The great misunderstanding of MPIO

Dual HBA’s, Dual Fabrics, redundant cache, RAID-ed disks, dual controllers or switched matrices, HA X-bars, multipath software installed and all OS drivers, firmware, microcode etc etc is up-to-date. In other words you’re all sorted and you can sleep well tonight.

And then Murphy strikes……..

As I’ve described in my previous articles it takes one single misbehaving device to really screw up a storage environment. Congestion and latency will, at some point in time, cause FC frames to go into the bit-bucket hence causing one or multiple IO errors. So what is exactly an IO error?

When an application want to read or write data it does this (in the open-systems world) via a SCSI command. (I’ll leave the device specific commands for later)
This command is than mapped at the FC4 layer into FC frames which then travel via the FC network to the target.

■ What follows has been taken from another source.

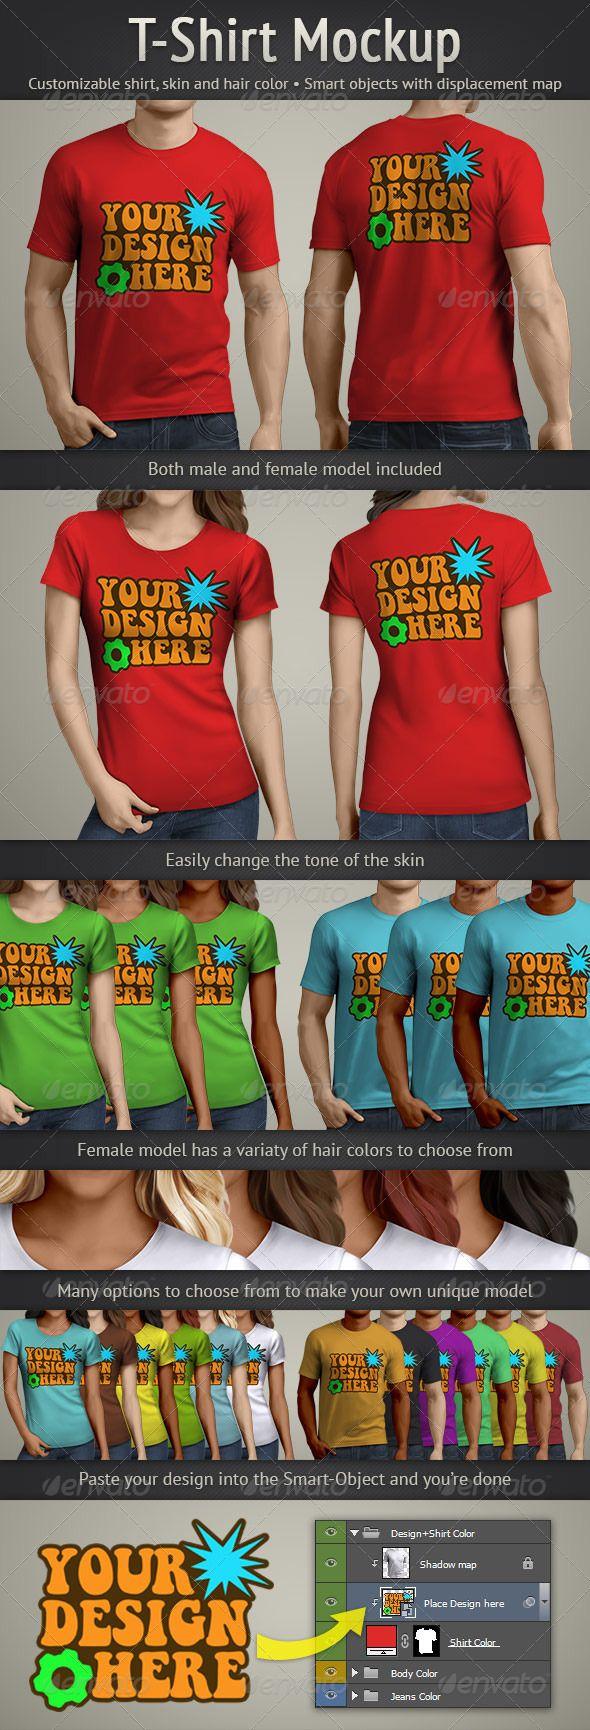 Design your own t-shirt female - T Shirt Mockup T Shirt Mockupmockup Designcustomizable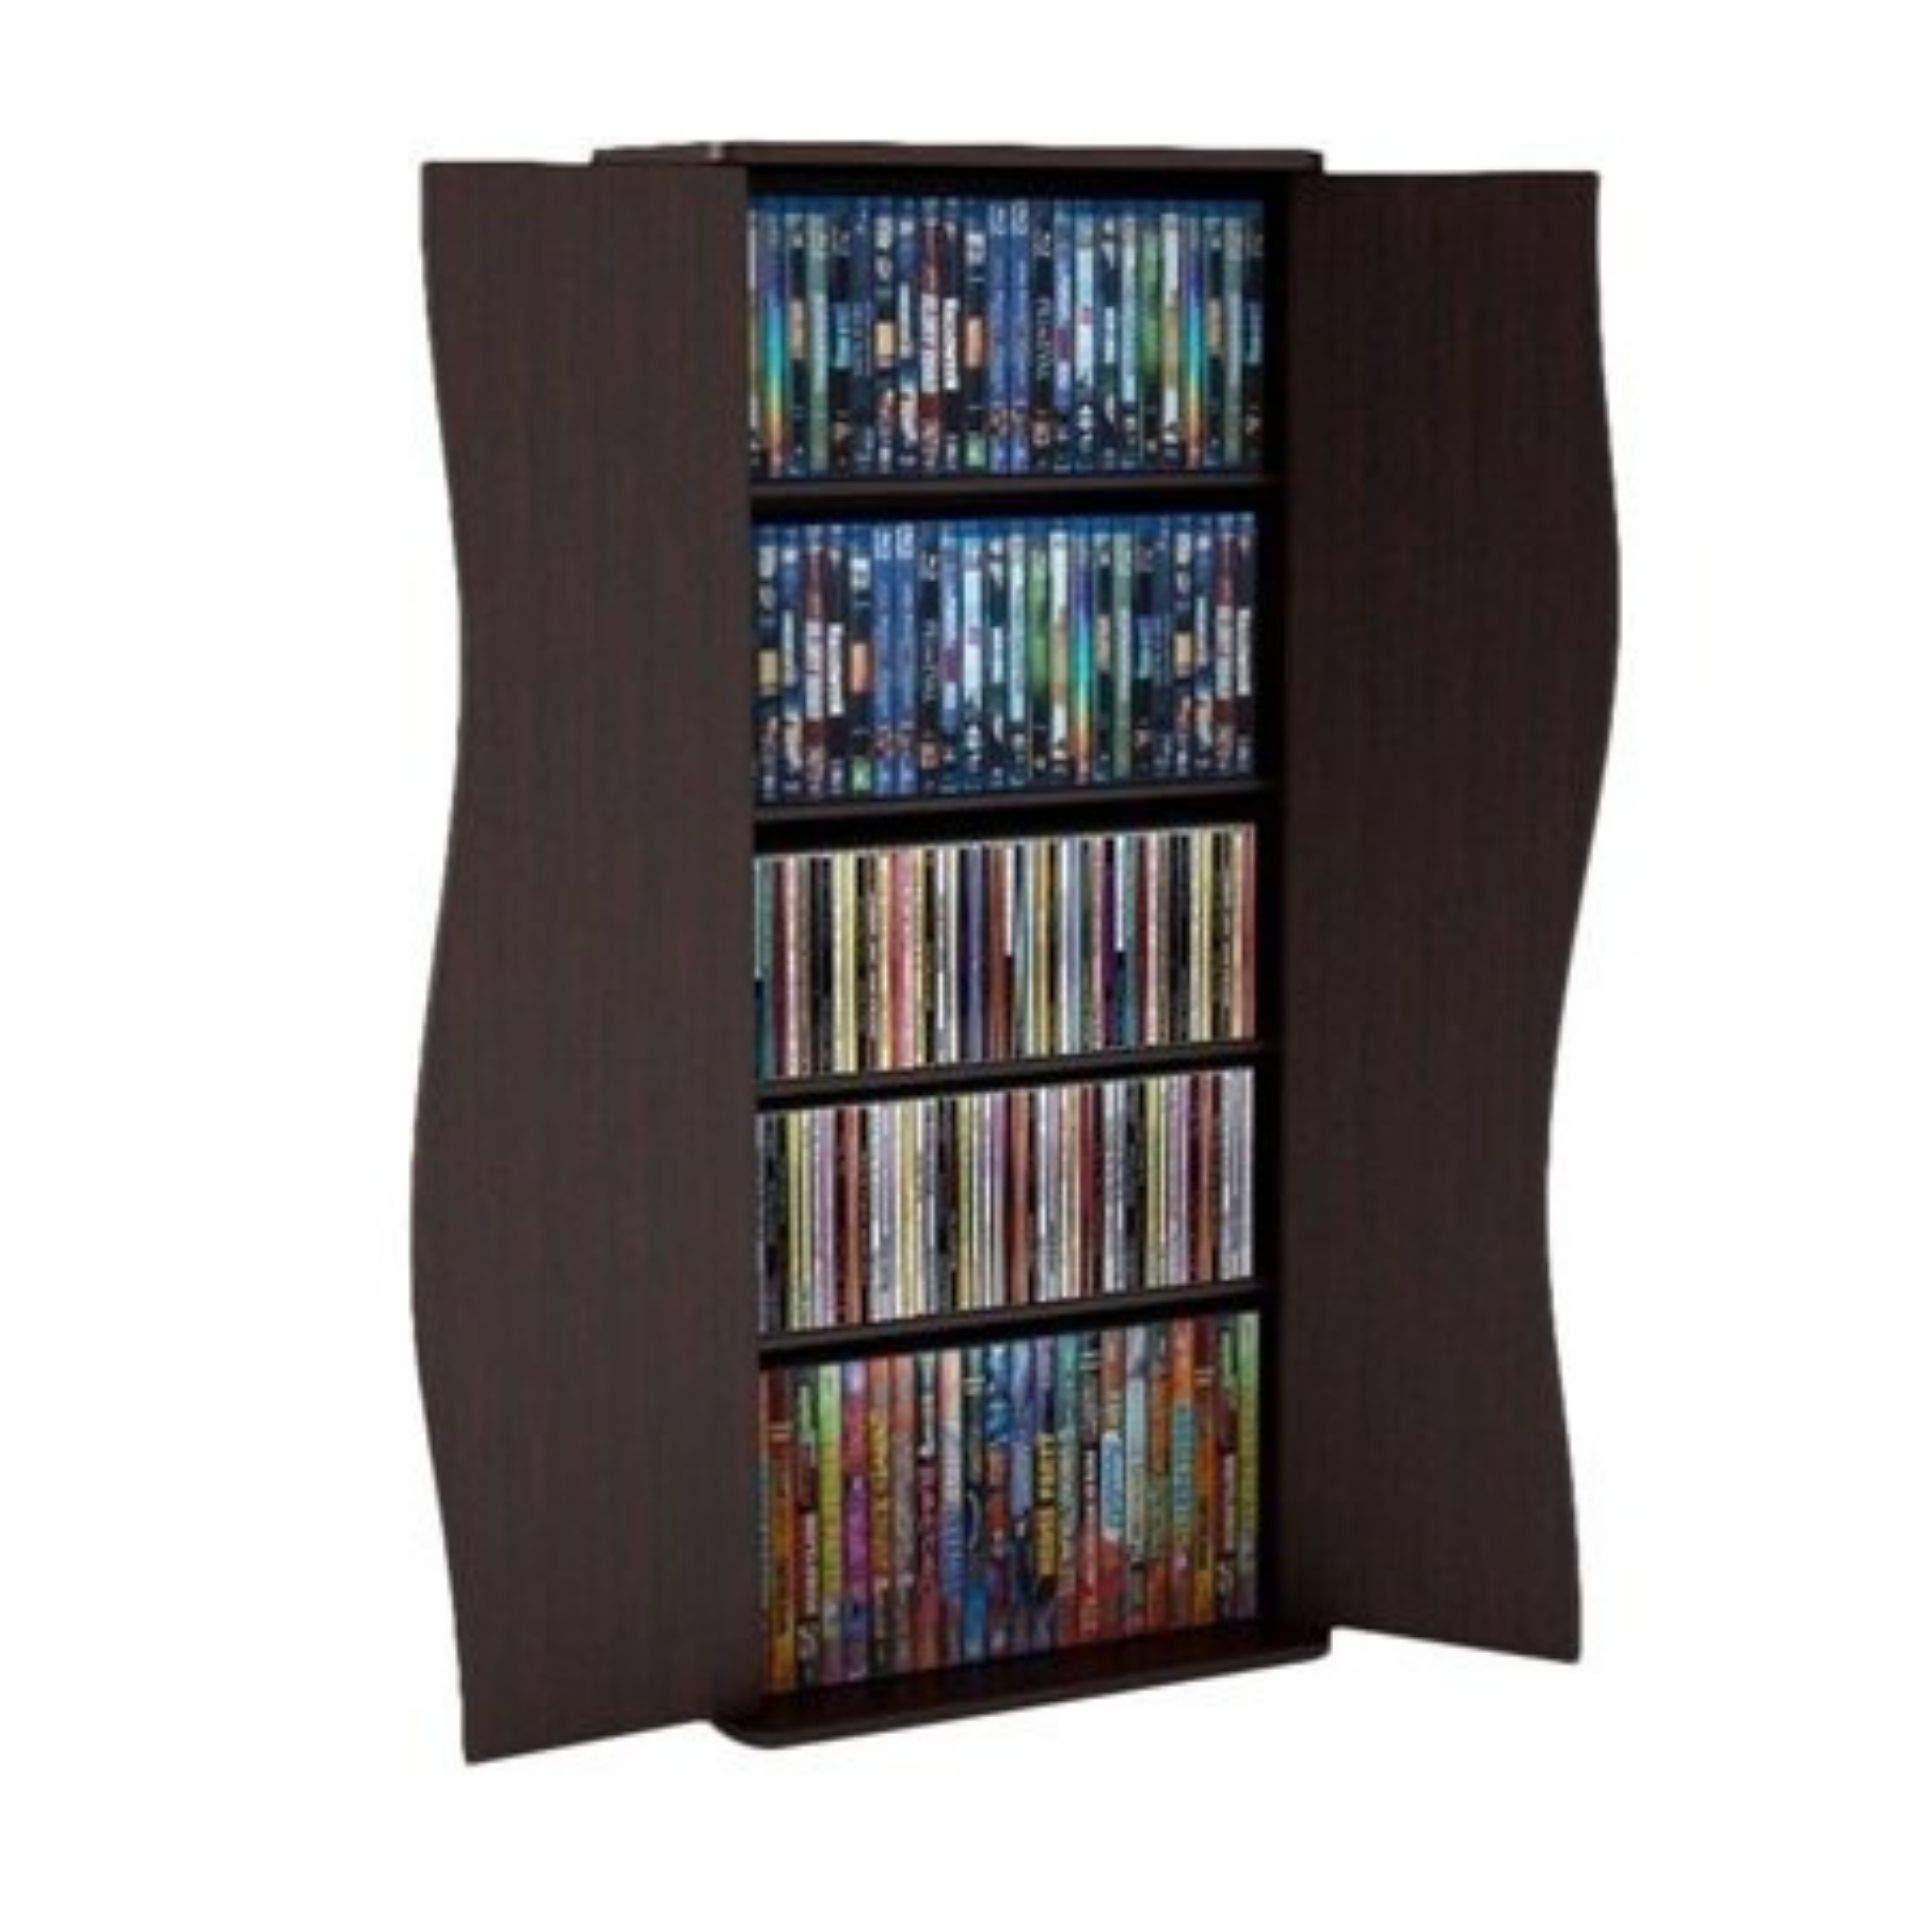 Atlantic 35'' Venus Small Media Storage Shelf & Cabinet (198 CDs, 88 DVDs, 180 BluRays), Espresso by Atlantic

So lets take for example a database application that needs to read an piece of data. This is never done in chunks of a couple of bytes like single rows but it is always done with a certain size. This depends on the configuration of the application. For arguments sake lets assume the database uses 8KB IO sizes. So the read command is issued against a LUN on the SCSI layer more-or-less outlines the LUN id, the offset and the block-count from that offset. So for a single read-request an 8KB read is done on the array. Since a fibre channel frame holds only 2 KB, this IO is split into 4 FC frames which are linked via, so called, sequence id’s. (I’ll spare you the entire handling on exchanges, sequences etc….). So if one of these frames are dropped somewhere under way we’re missing 2K out the total 8K. this means that for example frame 1, 2 and 4 have arrived back at the HBA but before the HBA can forward this to the SCSI layer is has to wait for frame 3 to arrive to be able to re-assemble the full IO. If frame 3 was dropped for whatever reason, the HBA has to wait for a pre-determined time before it will flag the IO as incomplete and will thus mark the entire FC exchange as invalid and will send and abort message with a certain status code to the SCSI layer. This will trigger the SCSI layer to retry the IO again and as such will consume the same resources on the system, FC fabric and storage array as the original request. You can imagine this can, and in many occasions will, cause performance issues or, in even more subsequent occurrences, an application failure.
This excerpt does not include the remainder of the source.